Before we begin though, we just wanted to quickly announce that we'll be at the A MAZE. festival in Berlin in just over a month! This will be our first time attending such an event without also exhibiting one of our games so we're excited that this time around we'll get to see more of the event itself and meet lots of new people. So if you're there as well, feel free to say hi to us!

But on to the main part of this devlog:

Narrative Structure

As I explained in the last devlog, visually Brassica's presentation is very much inspired by puppet theaters. Just as the UI and the text box size had an influence on the writing itself, the overall presentation did, too.
To further reinforce this idea that the player is like the audience of a play, we decided to make the narrator their own character this time.
In the narrative, they're technically the one pulling the strings and telling the story but for most of Act 1 this isn't very apparent yet.
From the beginning it's clear that the narrator is separate from Saffron, but the first time they actually address the player directly is at the very end after the curtain has already fallen again.

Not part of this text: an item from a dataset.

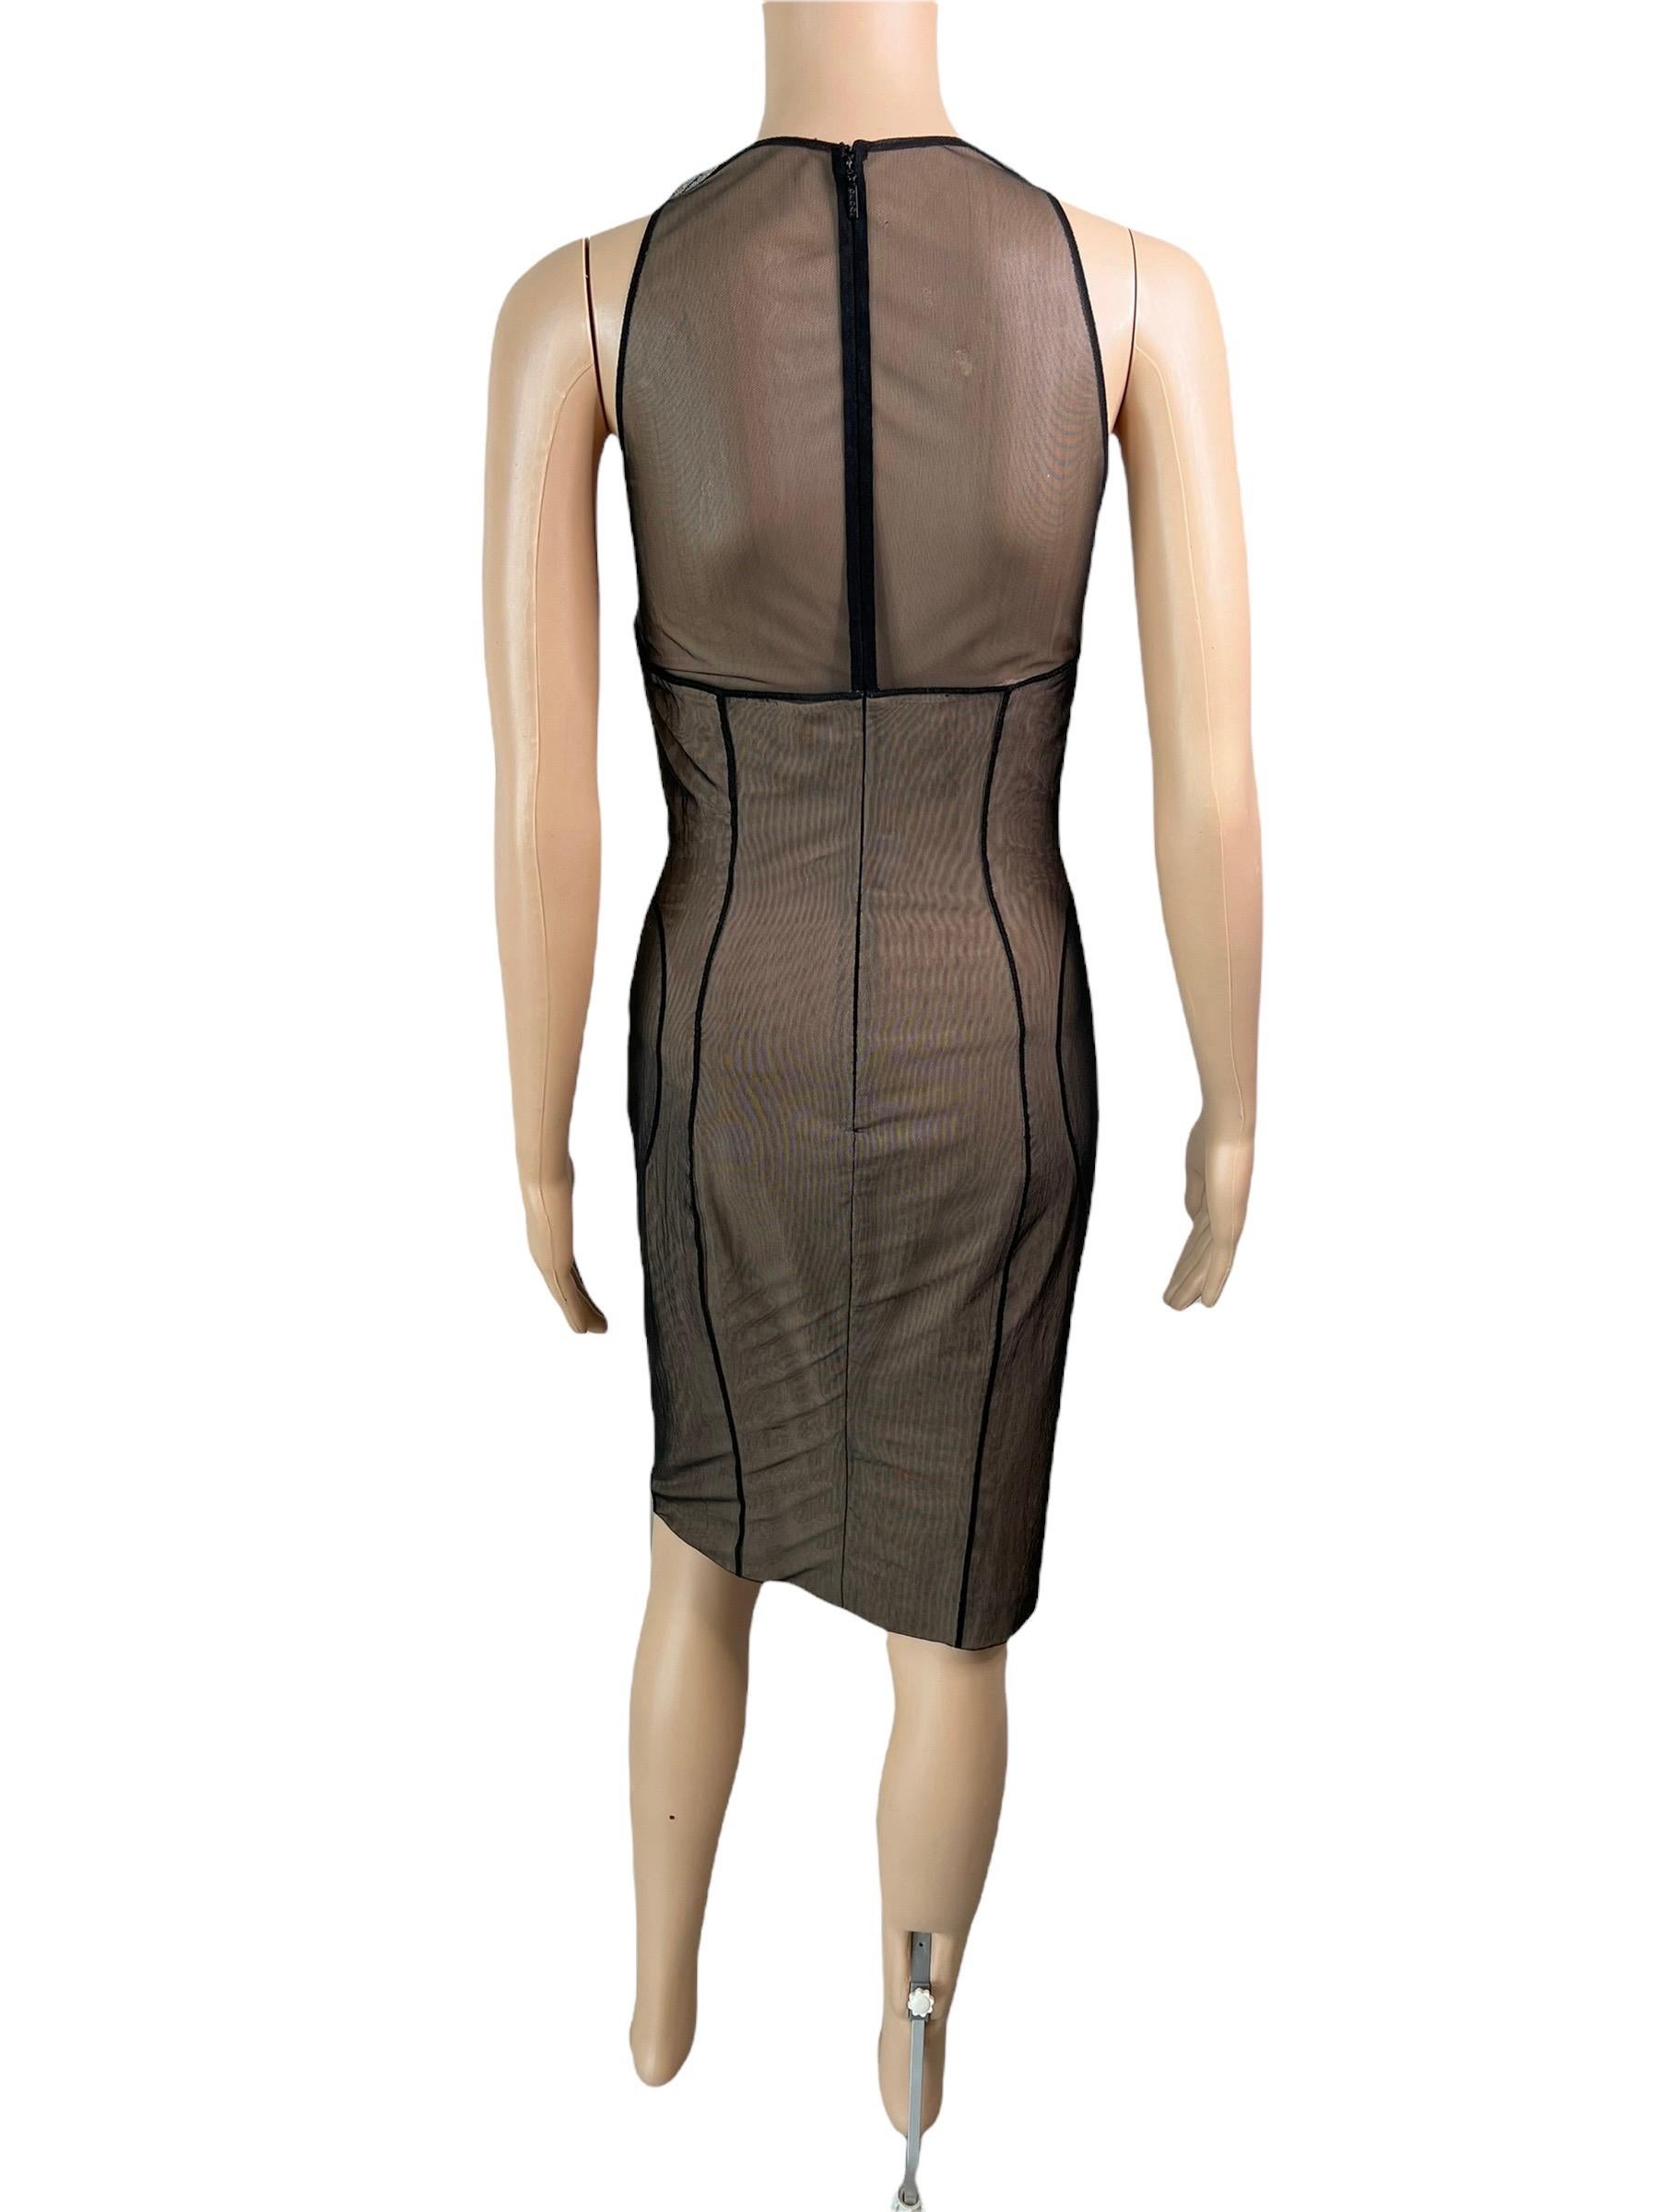 Black Gucci by Tom Ford S/S 2001 Runway Sheer Tulle Mesh Bustier Corset Midi Dress For Sale

Since the narrator doesn't appear in the story itself, we had thought about other ways to include them in the narrative since it wouldn't make much sense to make them a character but not give them any significance outside of telling the story.
In the context of a theater performance it made the most sense to us to let the narrator (or performer) and the player (or audience) interact with each other. Especially in children's theater it's fairly common that the actors will ask the audience to do something or ask them a question to keep them engaged in the play. In the format of a visual novel this seemed like a great parallel for the choices so we decided to treat them similarly.

Aside from improvisational theater, the audience usually doesn't have much say in the actual course of a play though, so this was another issue we had to address. The most interesting idea to us was to create a rift between the story the narrator wanted to tell and the story the audience wants to see.
Initially we had planned to treat this more like a conflict and almost made the narrator the antagonist.
Because the player would basically force the narrator to change their story, they would in turn expect the player to take it in a direction that is coherent and makes sense.
With this idea, in-game choices would have been a lot more stressful and we would have had to include various forms of a fail-state at all branching points so even if it might have been interesting in theory, we quickly realized that for the kind of lighthearted story we wanted to tell with Brassica, it didn't really fit and actually took away from the experience.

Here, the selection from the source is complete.